# Generator Can't Run Microwave



## Parker Outbacker

I have a Honda 2000 watt generator. The other day I attempted to fire up the microwave and to my surprise it barely started up, and then shutdown. Thinking I was drawing too much power I turned the lights off, ensured the Refrig. was set to gas, and the hot water heater electric side was off. Good enough I thought. 2000 watt generator, 900 watt microwave...that pop-corn will be done in 3 minutes.

Well, the microwave stayed on, but you could hear that it was not getting the power it needed. The light was dim, and it was just moving in slow motion. It did warm up some water, but not like it does when hooked up to outside power.

I don't know what kind of overhead the converter has on it, but would have expected that I could still run the microwave. I still need to try connecting the microwave directly to the generator and see if that is any better...atleast that would rule out the converter.

Any ideas?? Not sure if it's a generator issue or not.

Also, not sure if this is related but the more lights I have on in the trailer, the louder the converter gets. Don't remember the converter getting louder on the other OB.

Thanks in advance for any ideas!


----------



## Insomniak

That's 900 watts of microwave output power. The input power required is more like 1400 watts. If your batteries were low and the converter was running at close to full output (600 watts or so), you can see where you'd be close to the maximum of your generator. Next time, try flipping the breaker for the converter and see what happens.


----------



## TheMillers

We had the same issue with the same generator a couple of weeks ago in Yellowstone. The Honda 2000 was barely running the microwave. I told DW to stop using it because I was afraid of breaking the Microwave.

The manual indicates that the generator was not be as efficient for altitudes over 5,000 feet. I assumed that since we were around 7,000 feet that might have been the problem.
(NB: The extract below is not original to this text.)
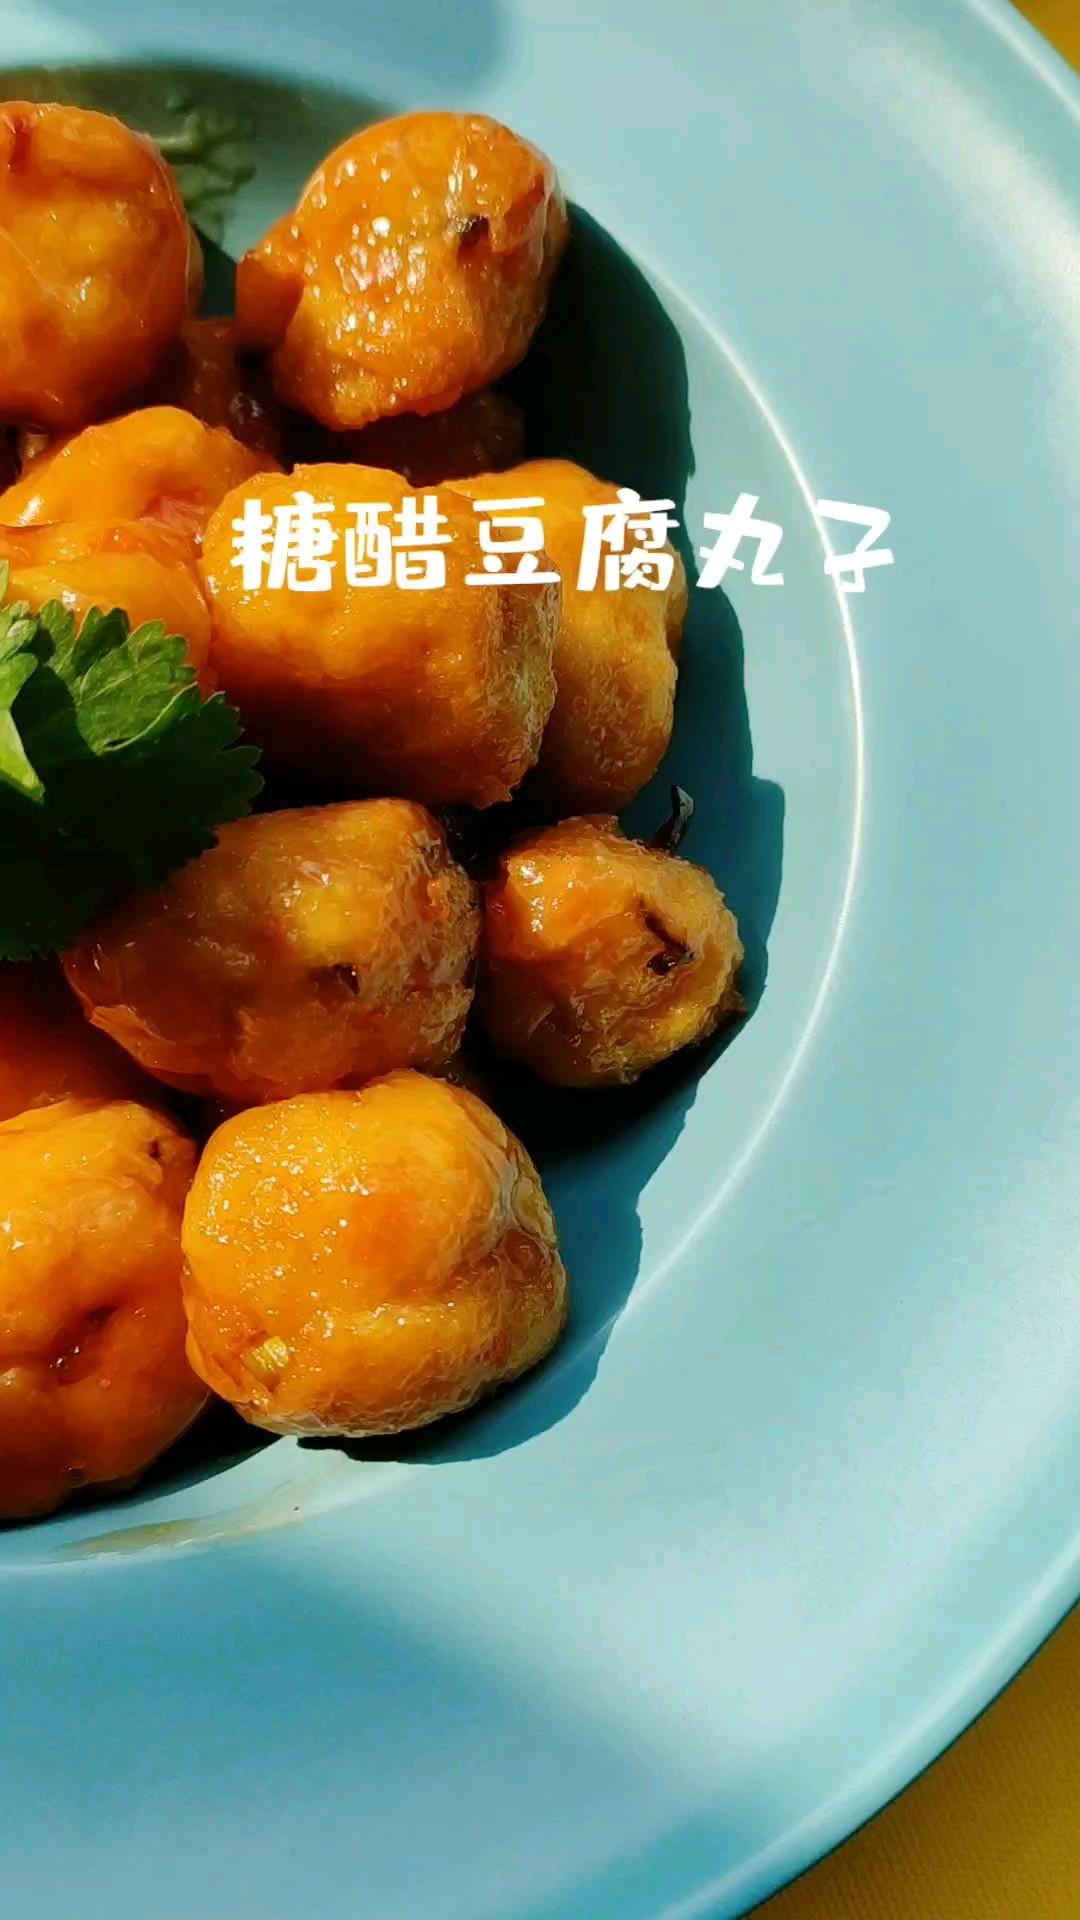 糖醋豆腐丸子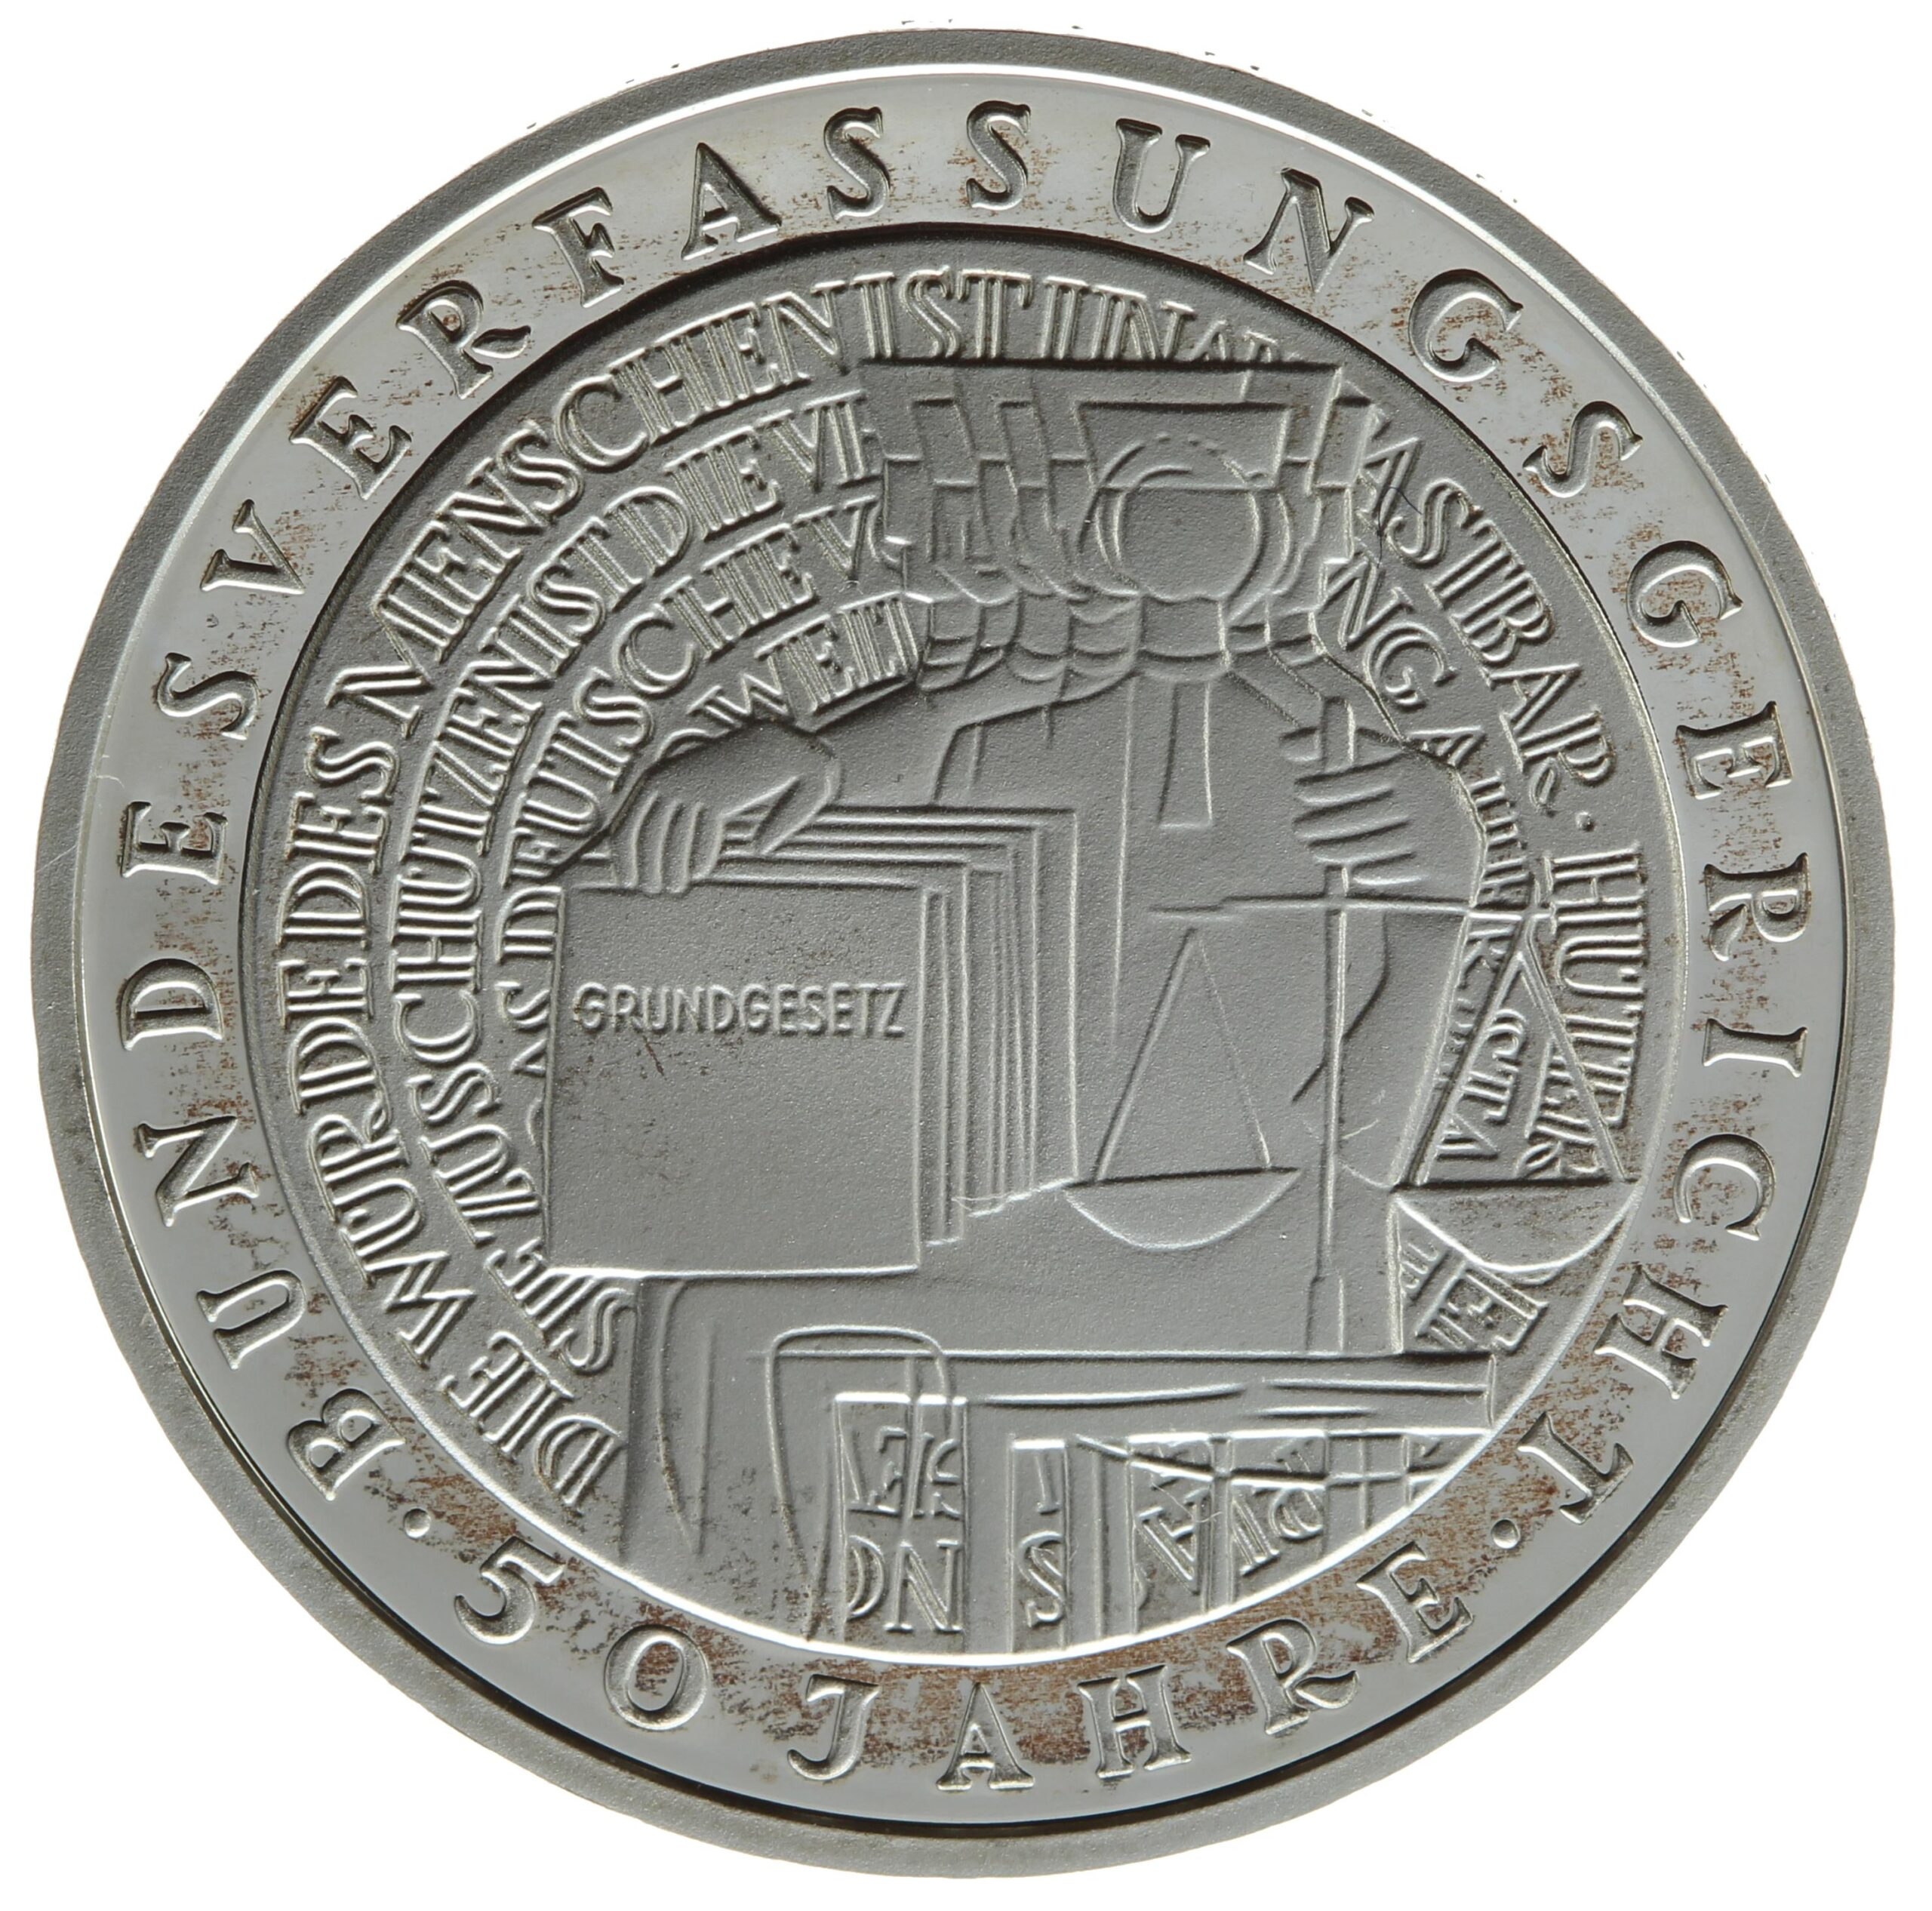 DE 10 Deutsche Mark 2001 D

My wife told me that she ran the microwave previously on the generator with no problems, but that was at a lower altitude. Also, make sure the EV mode is off on the generator. Maybe that will help.

Bruce


----------



## SoCalOutback

Make sure you turn the fridge off of auto and set it to gas. If it is on auto when you turn the generator on the fridge will switch to electric.


----------



## marglindskog

We just purchased 2 honda 2000 watt generators with the cable to piggy back them together. We have not tried them on the road yet, but in our driveway all works great. Runs the air on full blast without a problem. I know it's a big expense, but if you use a generator often and need more power, another 2000 unit might be the way to go. Good luck!


----------



## ED_RN

It probaly did have to do with the altitude. Also didn't realize the microwave draws 1400 watts. Even at sea level the 2000 only puts out 1600 watts so your pretty close to maxing it out. If you lose 20% at 7000 feet your over what it can produse continuously.
My converter also gets loud enough to hear it if more than a few lights are on.


----------